"This acquisition keeps EWEB on track with our board's goal of adding one per cent of our load in new renewable energy supplies each year," says general manager Randy Berggren. With the purchase, EWEB's energy supply portfolio now includes about 36 MW of wind capacity, or about 5% of its total supply. EWEB is also a 20% owner in Wyoming's Foote Creek Rim 1 project, built in 1998 with PacifiCorp and the Bonneville Power Administration (BPA), and buys a portion of the output from subsequent expansions at Foote Creek.
Some of the wind generation goes to customers who chose the utility's Windpower program, which EWEB's Lance Robertson says is 50% subscribed, while the remainder is included in the utility's power base. In April, EWEB tacked a surcharge onto customer bills to cover the cost of high priced electricity during the West Coast power crisis in 2001, but held prices steady for its 2600 Windpower customers -- almost 4% of its customer base.

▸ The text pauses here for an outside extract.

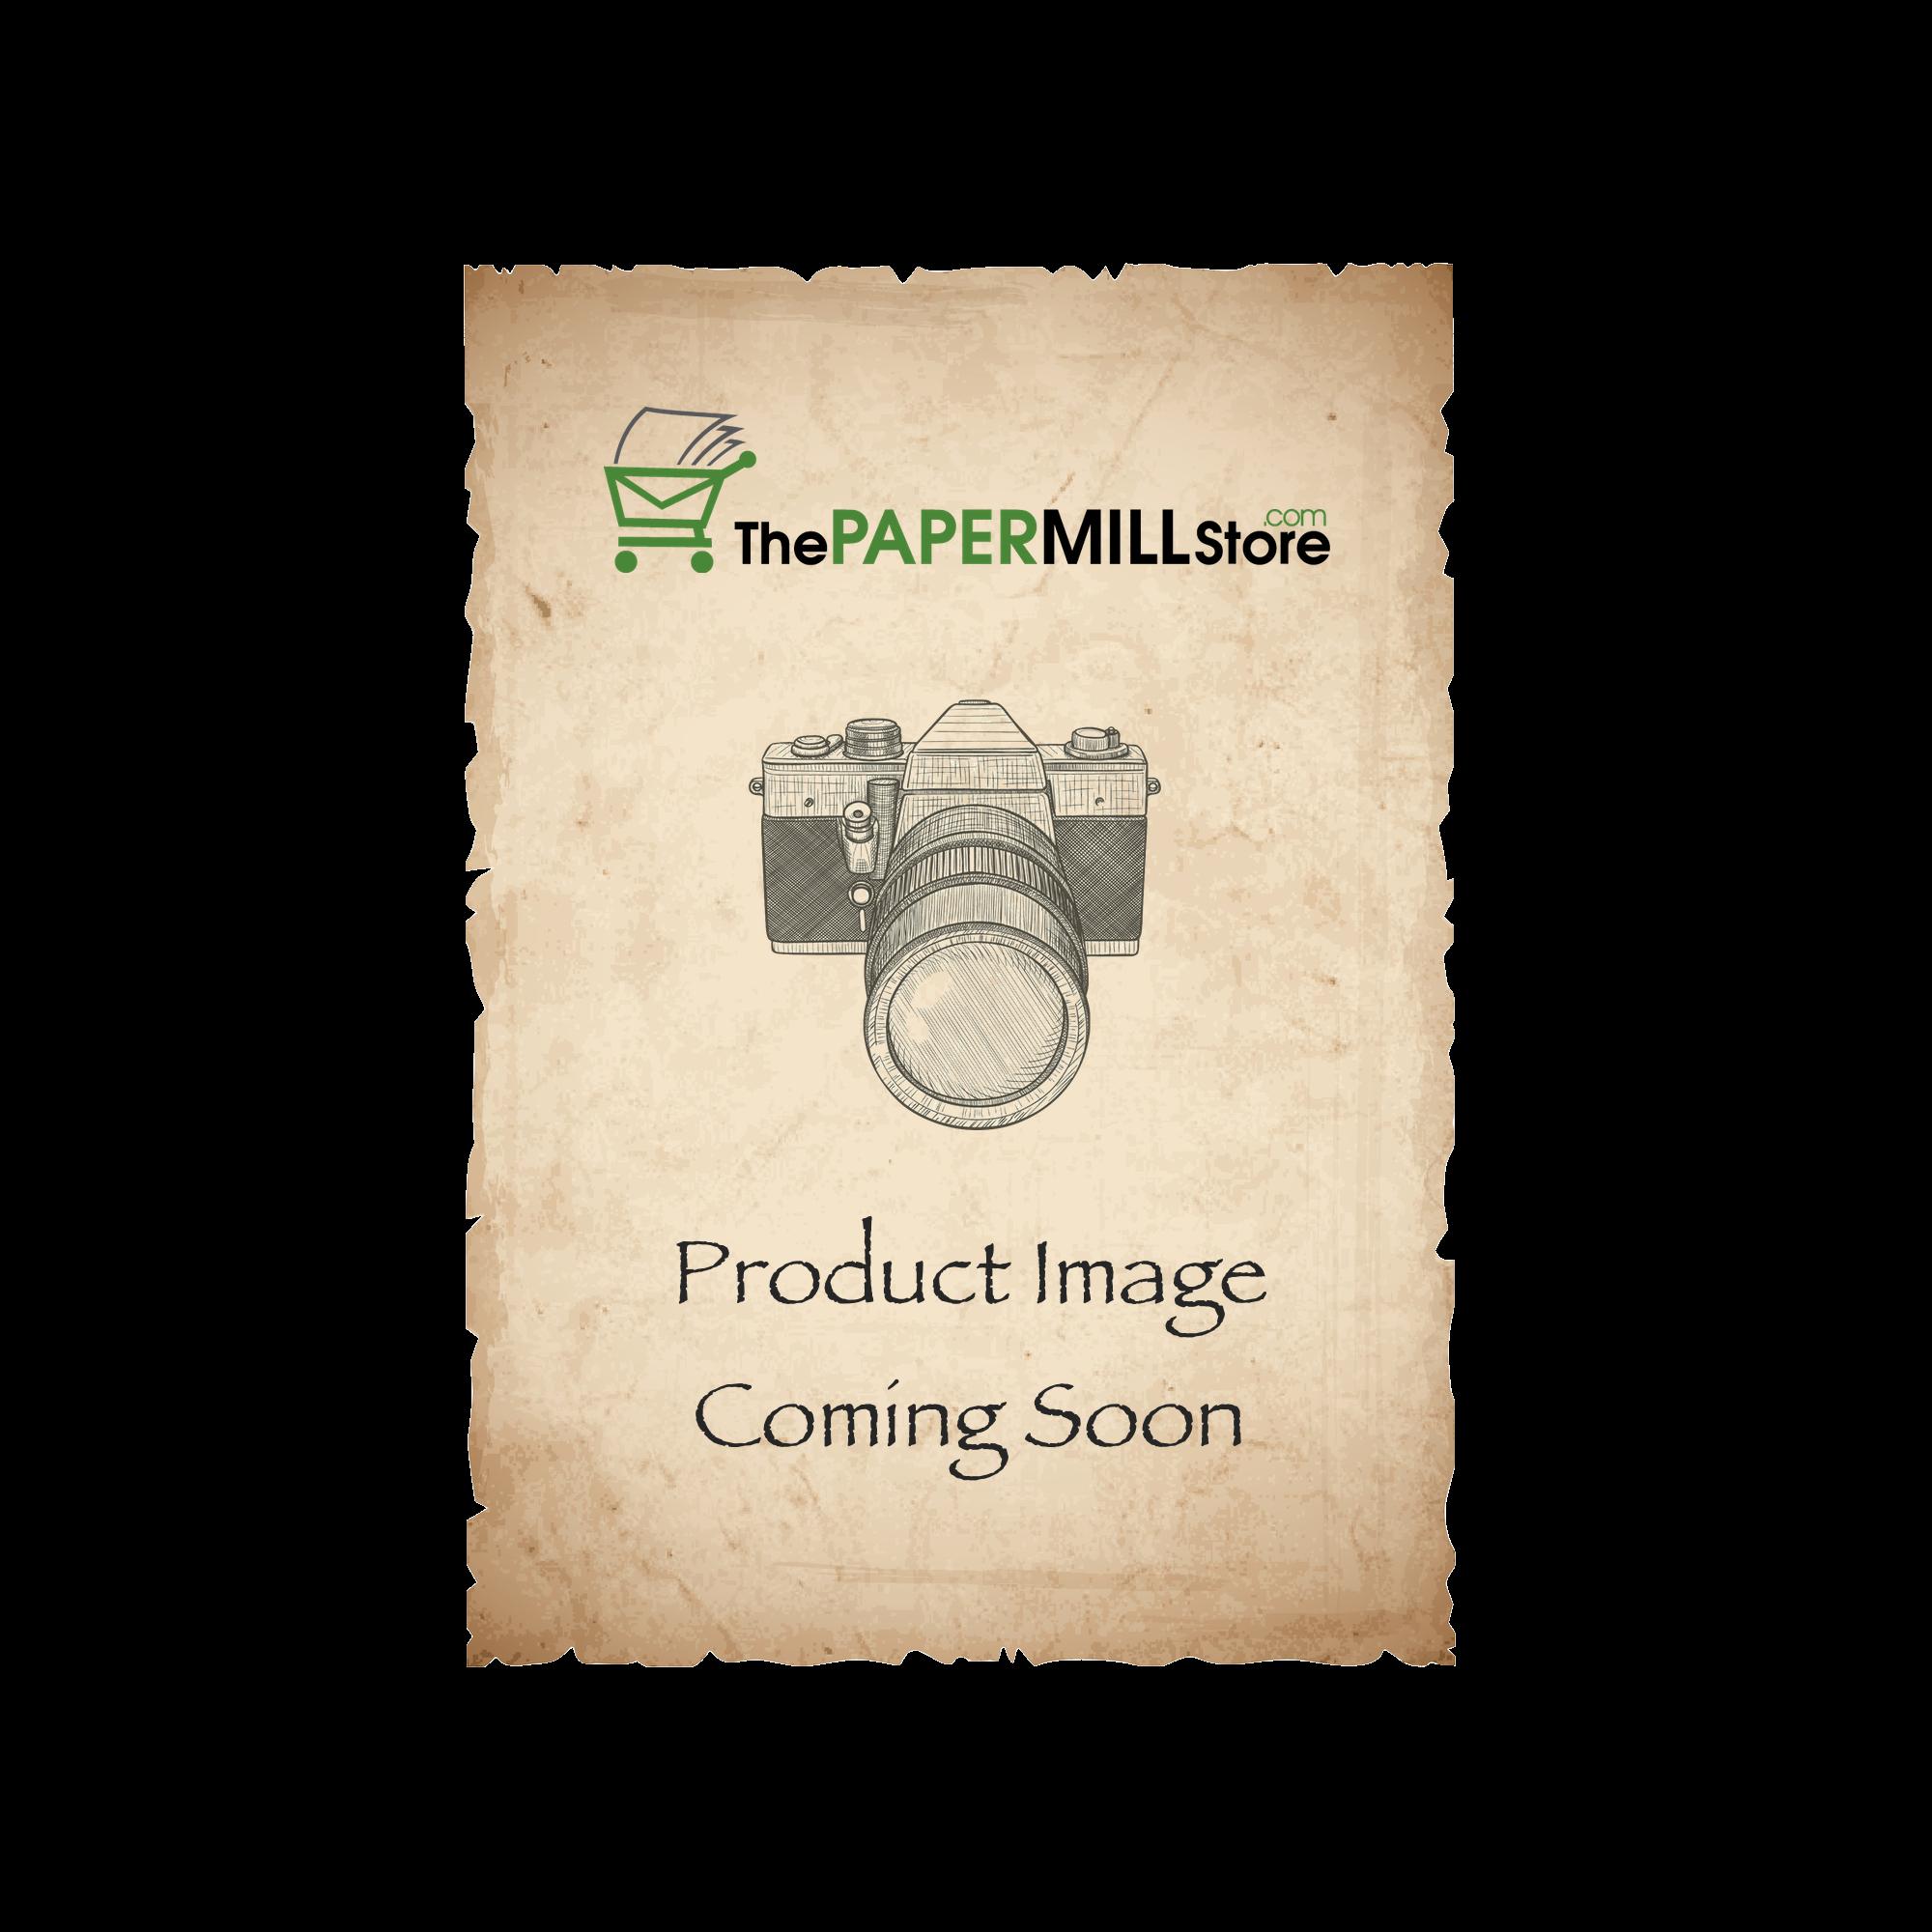 Buy Via Felt Natural Card Stock - 26 x 40 in 110 lb Cover Felt  30% Recycled 300 per Carton at The Paper Mill Store .com

The contract with PPM includes power "shaping and firming" agreements, ensuring that electricity will be delivered on demand even if the wind farm is off-line or not operating at full production. PPM also has a 20 year power purchase agreement with Seattle City Light, a Washington municipal utility, for 50 MW from the Stateline project that will grow to 100 MW in 2002, 150 MW in 2004 and could reach 175 MW in 2004. Although it is selling another 90 MW from the project to BPA, a federal power marketing agency, PPM still has power for sale, including the rights to power from a 39.6 MW expansion (Windpower Monthly, May 2002), says PPM's Jan Johnson.